College of St. Joseph

St. Joseph Hall at College of St. Joseph is pictured in December 2018.

College of St. Joseph may not award degrees anymore, but College President Dr. Jennifer Scott said the school will remain open, just in a different capacity.

“Our board wants to see us work toward re-imagining CSJ, looking at education and economic development for this region and as a whole,” Scott said Thursday. “We’re looking at folks already in the workforce and working with local employers.”

Scott said the school plans to host training and certificate programs for professionals looking to further their expertise in their respective fields, rather than entry-level workforce development — providing education and training relating to participants launching businesses, helping them grow and remain in Vermont.

This summer, in collaboration with Vermont Works Management Co. and Vermont Innovation Commons, the first steps begin: CSJ is conducting a feasibility study to better understand what Rutlanders want from the vacant campus and what sorts of programs would benefit the community.

“We’ll conduct needs assessments, physical assessments, redevelopments that could be necessary,” Scott said. “The hope is the study will inform a business plan.”

“We believe this feasibility study is an important next step for identifying the future role CSJ will play within our community, so it may continue to serve the needs of those individuals looking for educational and developmental opportunities for many years to come,” Matt Levandowski, president and CEO of Heritage Family Credit Union, said in a news release.

Heritage Family Credit Union and Vermont Works Management Co. will provide start-up funds necessary to complete the study, the statement said.

College officials announced in March that after 60 years, CSJ would stop teaching students at the end of the spring semester.

The college’s 90 staff members were informed in December that the accreditation agency, the New England Commission on Higher Education, would withdraw its accreditation by the end of August.

According to the CSJ statement, the college was founded by the Sisters of St.
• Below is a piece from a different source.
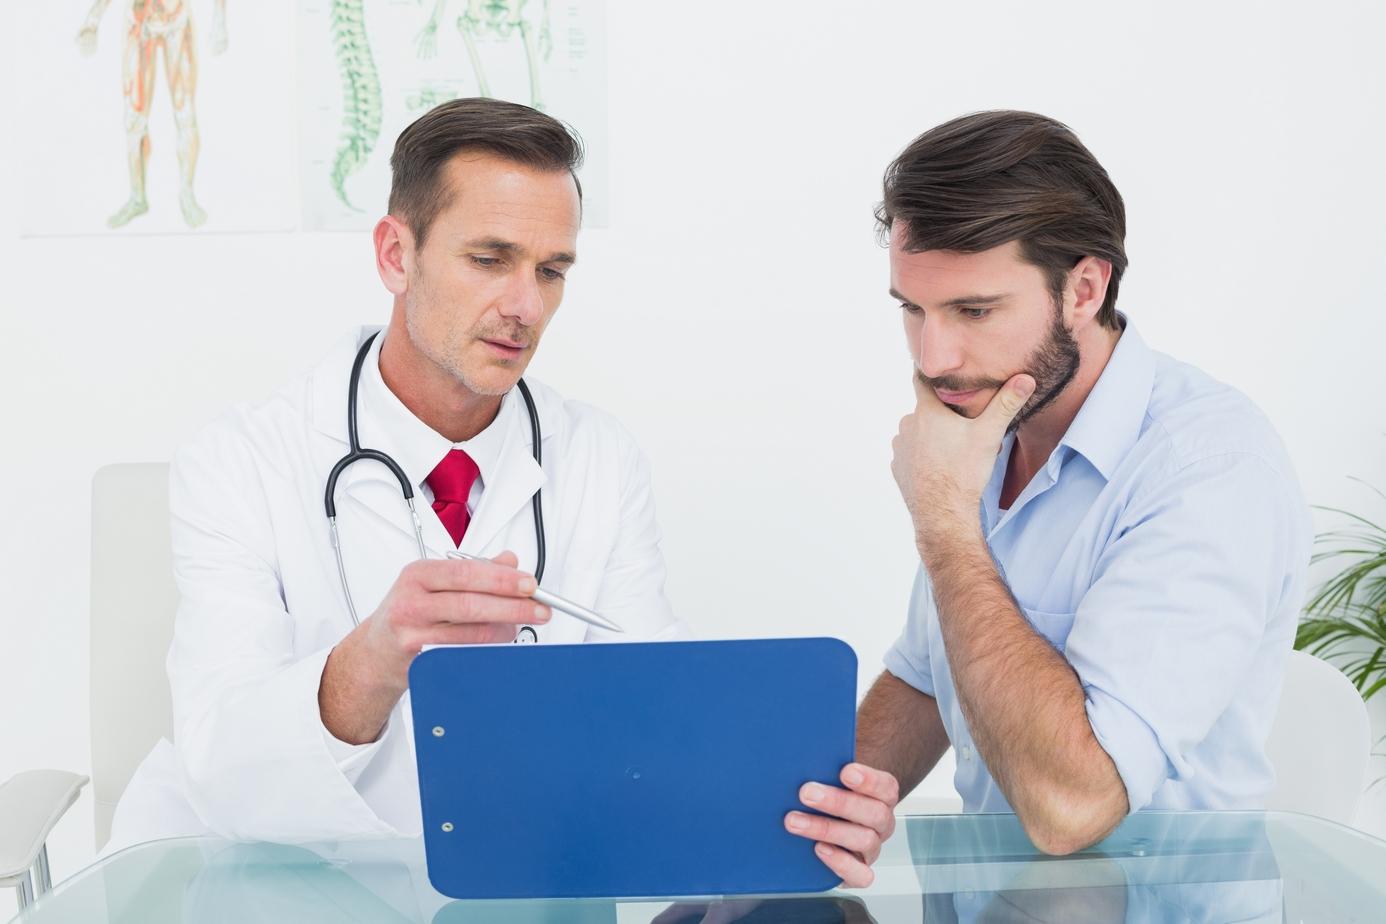 Картинки чолов к врачу

Joseph of Rutland. After years of educating their members within the walls of the motherhouse on Convent Avenue, the sisters bought the campus of Rutland Junior College to establish a training center for their young novices. In 1956, a core group of women led by Sister Mary Matthew McDevitt, the first president, formed St. Joseph’s Teacher’s College.

CSJ happens to be in one of Vermont’s 25 designated opportunity zones, where the average median household income hovers around $40,000, with rent prices averaging $856, labeling Rutland a “low-income” community according to 2011-15.

The status makes Rutland eligible for the program, which encourages private investment in everything from real estate to art.

Scott said the public is encouraged to reach out and bring ideas to the table. She said school officials have already heard calls for theater productions and sports camps to utilize the facilities available at the college.

CSJ partners with the Rutland Economic Development Corp., and Executive Director Tyler Richardson said he is constantly seeing a need for workforce training for the many jobs available in Rutland County and throughout Vermont.

Especially now with the ceasing of operations for two of Rutland County’s institutions of higher learning.

“It’s a maintained need over the years,” Richardson said. “Advanced manufacturing, management, you need a lot of skills there. Addressing what our training needs are for our employers is something our organization has been doing all along.”

While REDC will work closely with CSJ as it continues planning how to remake the college, REDC’s presence in the new structure hasn’t been hammered out yet, Richardson said.

“There’s still momentum in the community,” Richardson said of Green Mountain College’s closing and CSJ’s re-purposing. “I believe we will be stronger going forward.”

Not everything will change, though. The new College of St. Joseph will still have Scott leading the charge, Scott said.

“(Right now) we have more questions than we have answers,” Scott said. “We’re getting a feel for what it would take.”